Just 22 per cent of respondents trusted the US under its new leader – compared with 59 per cent just before the November election.
The sample of just over just 1,000 voters also found Germany’s trust in Russia had declined four points between November and February to just 21 per cent. However, this is up from a low of 15 per cent in March 2015 following the downing of MH17 and the annexation of the Crimea.
The results, gathered by Cologne-based radio station WDR, found that only 26 per cent of believe it is good that Mr Trump is following through on his campaign promises to ramp up protectionism, build a wall on the Mexican border and ban people from seven Muslim-majority countries.
A further 69 per cent disapproved of his policies, but 80 per cent still believed the European Union must cooperate closely with him.

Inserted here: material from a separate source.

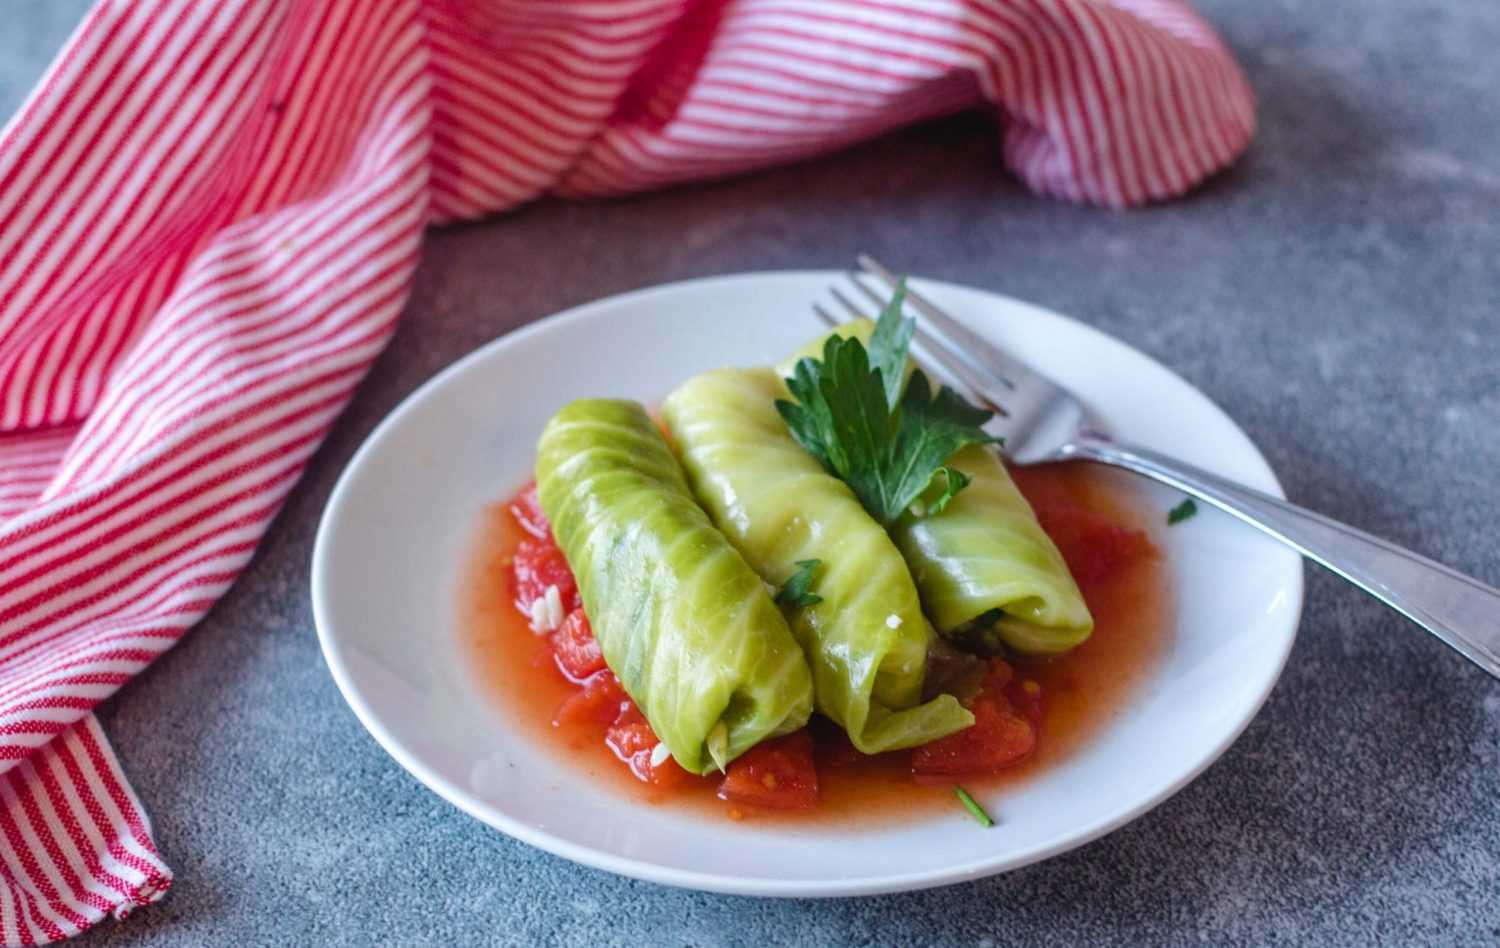 Cabbage rolls in red sauce topped with chopped parsley on white plate

The survey was part of a wider trend report polling Germans on politics ahead of the federal elections later this year.
It also found 90 per cent of Germans were worried about the state of democracy in Turkey.

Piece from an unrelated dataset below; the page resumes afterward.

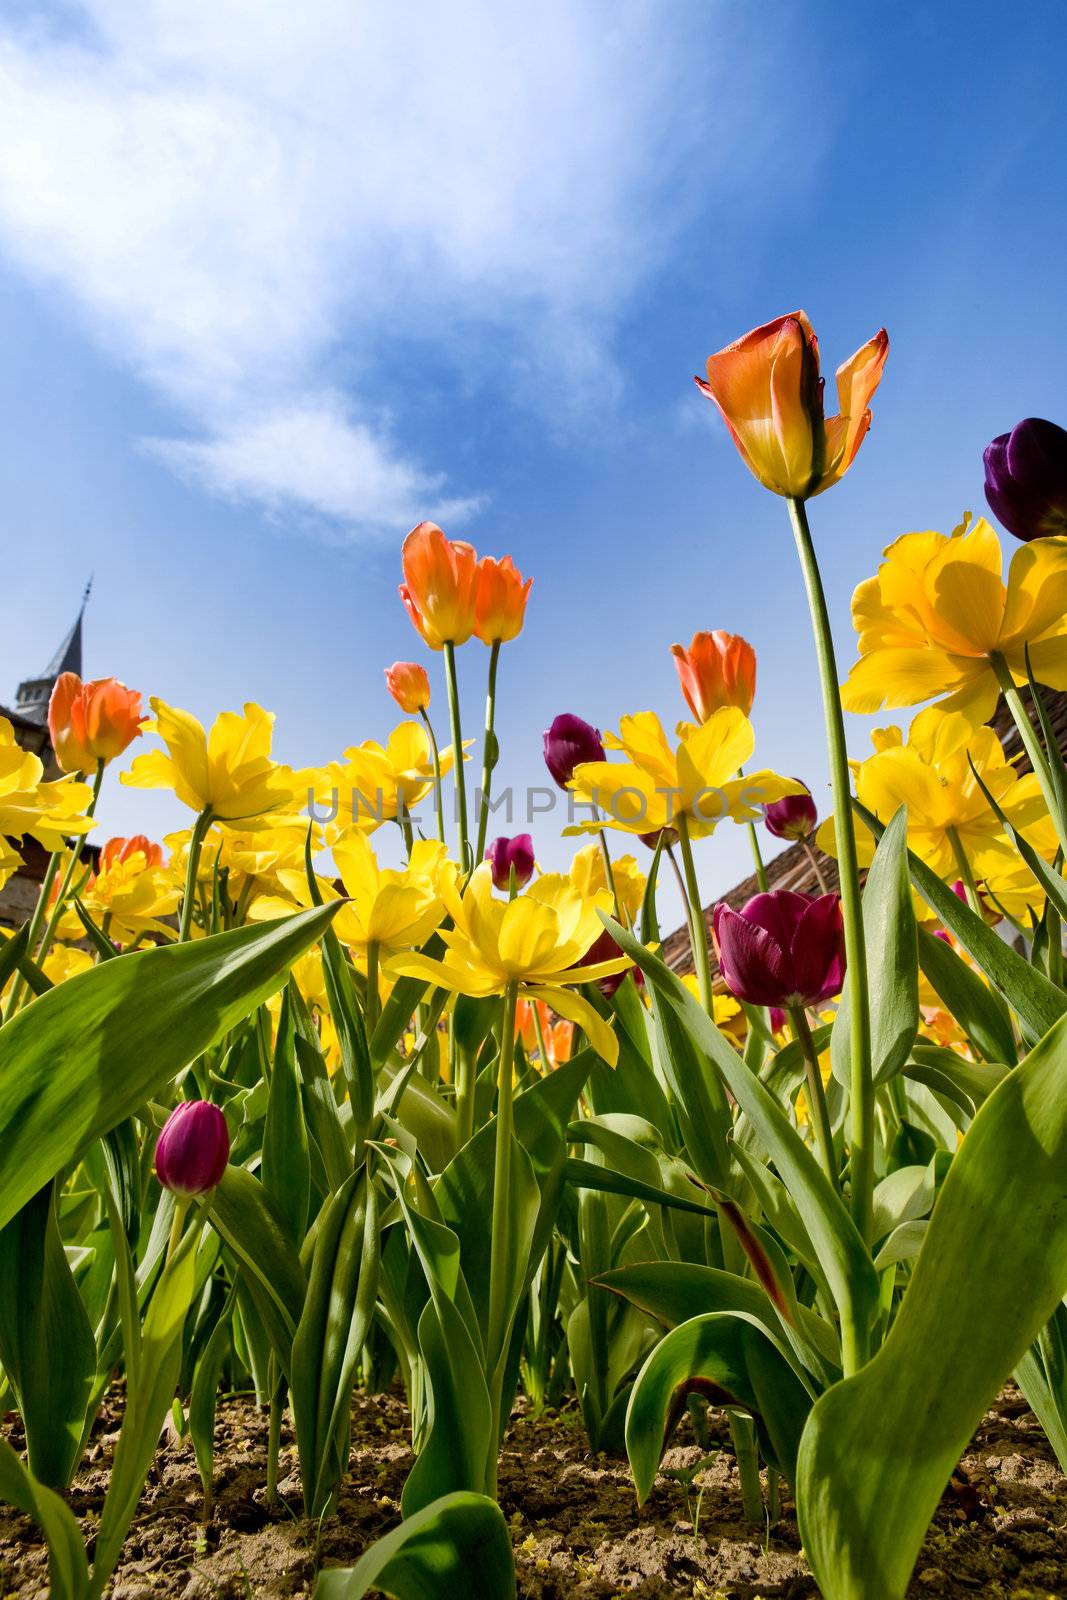 A flower bed with yellow orange and purple tulips and daffodils against a blue sky

Eighty-three per cent of respondents believed the government should be more opposed to the Turkish government’s crackdown on dissent but 50 per cent still believe Chancellor Angela Merkel should do everything she can to save the refugee agreement agreed in March last year.

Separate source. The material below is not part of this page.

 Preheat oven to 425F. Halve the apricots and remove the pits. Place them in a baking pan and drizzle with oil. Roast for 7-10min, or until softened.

The poll comes as one Germany’s leading political magazines, Der Spiegel, depicted Mr Trump as an “American Pyscho” on its front cover holding the severed head of the Statute of Liberty with the headline: “America First”.
Germany, along with many other European countries, reacted with dismay to Mr Trump’s executive order banning all citizens from seven Muslim-majority countries coming to the US last week.
In a recent phone call Ms Merkel reportedly explained the Geneva Convention to her American counterpart.
A statement issued by her spokesman, Steffen Seibert, said: “The Chancellor regrets the US government’s entry ban against refugees and citizens of certain countries.
“She is convinced that even the necessary, resolute fight against terrorism doesn’t justify putting people of a particular origin or particular faith under general suspicion.
“The Geneva Refugee Convention requires the international community to take in refugees from war on humanitarian grounds. All signatory states are expected to do so. The Chancellor explained this policy to the US President in their call yesterday.
“The German government will now examine what consequences the measure of the US government will have for German citizens with double citizenship and will represent their interests, if necessary, before our American partners.”